Sometimes, a conversation opens up in national politics that is so riddled with inconsistency, so revelatory of hypocrisy, that the only sane response is to quake in horror. Quake either at the intellectual failings of our representatives in Canberra, or their mercenary double-standards.

I speak of Opposition leader Tony Abbott’s recent observation that Welcome to Country ceremonies are a “genuflection to political correctness” and “out-of-place tokenism”. Or, as coalition MP Wilson Tuckey and Senate Opposition leader Eric Abetz put it, constitute faddish, farcical, paternalistic formalism no longer appropriate in 21st century Australia.  “Why don’t we acknowledge a whole host of other people and … deities?” Abetz asked.

Columnist Miranda Devine also feels worried. On Monday night, she told the audience of ABC TV’s Q&A that if ceremonies that acknowledge the original inhabitants of Australia are not “done with … feeling”, or undertaken as a “mandated practice”, they could become “ritualistic and useless”.

Interesting observations, though not ones we have heard from conservative politicians or commentators before. Indeed, when a similar issue arose in the late 1990s and again in 2008 — about the ongoing relevance of the Lord’s Prayer as the daily convocation for both houses of Federal Parliament — conservatives were either silent, or had something quite different to say.

In 1997, Bob Brown moved that the Lord’s Prayer be replaced by an invitation to Senators to pray or reflect on their responsibilities. The motion, referred to the Procedures Committee, was ultimately rejected, on the notably generous grounds that those senators who joined in the prayer considered its retention important, and those who did not deem it important, didn’t think the issue mattered enough to upset those who cared. At that time the Catholic Independent Senator Brian Harradine spoke at length about his view that Australia’s heritage and history justified the prayer’s retention, as well as his belief that retaining it had been the right move. “At this time of all times, we need the guidance of God…”

When Speaker of the House of Representatives  Harry Jenkins questioned the relevance of the prayer a few years back, the response was similar. The then-Minister for Aboriginal Affairs Tony Abbot said he thought the Lord’s Prayer should stay, as it expressed principles universal to all religions. The now Shadow Finance Minister Barnaby Joyce defended the prayer on the grounds that while, “…reading the Lord’s Prayer is encouraged, it is certainly not compulsory”.

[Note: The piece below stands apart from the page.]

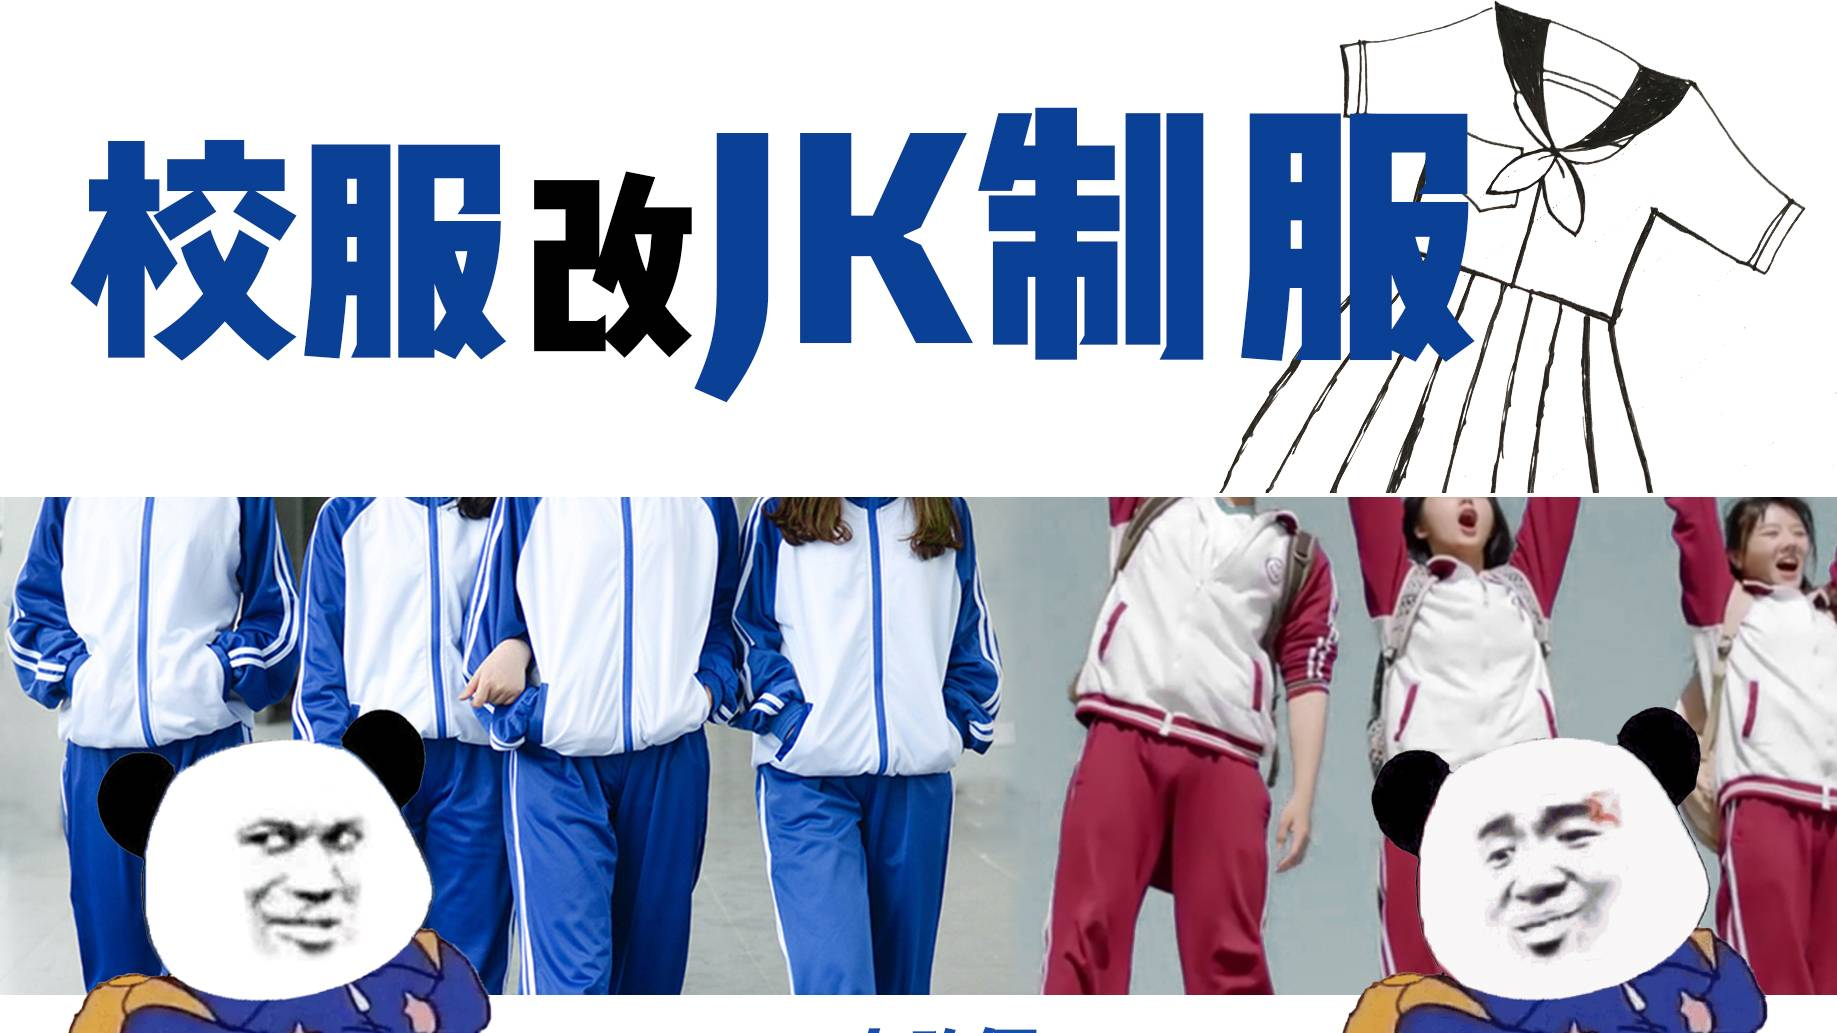 【JK】试图把校服改造成JK制服,校长:???

If the legitimacy of Welcome to Country rests on it being spontaneous, sincere, feeling-filled and done only where accompanied by similar acknowledgements of the beliefs and practices of the many peoples who populate Australia, then surely this must also apply to the Lord’s Prayer.

If it is right that in a secular multi-faith democracy such as Australia, our representatives — some of whom follow non-Christians faiths or are atheists — start the day with a Christian invocation because that prayer references our history and heritage, and no one is forced to say it, then retaining Welcome to Country can be justified on the same grounds.

If secularist and non-Christian politicians can be generous to their Christian colleagues when it comes to the Lord’s Prayer, why cannot Christian political leaders be equally as generous to Australia’s first people, the Aborigines?

Consistency on this question is not just required of us intellectually, but morally, too. Whatever brand of ethics you support — religious or secular — moral prescriptions must be universal. In other words, as reasons “because that’s me you’re talking about”, or “Christianity is different”, don’t make the cut.

Given this, does the rise of this latest skirmish in the culture wars prove our leaders are intellectually lazy, or just plain hypocritical?

On the evidence, the answer seems to be both, but I think it’s worse than that.

The Welcome to Country skirmish was a dog-whistle, not just to the racists who are part of the Conservative base, but to Howard’s lost battlers: voters who deserted the coalition for Labor at the last election. By raising questions about Welcome to Country, Abbott was promising these segments of the electorate that he could, and would, take them back. Take them back to the days when selfishness was right because it was cloaked in Christian morality. To the time when they could feel good about the mystifyingly named “elites” getting it in the neck in policy and rhetorical terms — working women, single mothers, Aborigines, boat people, aborting women and lesbian parents — because this was what was necessary to preserve Australia for all of us.

This was our lot when it came to God, history, policy and politics under Howard. Now, under Abbott, we know it will be the same.

Dr Leslie Cannold is an ethicist, researcher, author and commentator.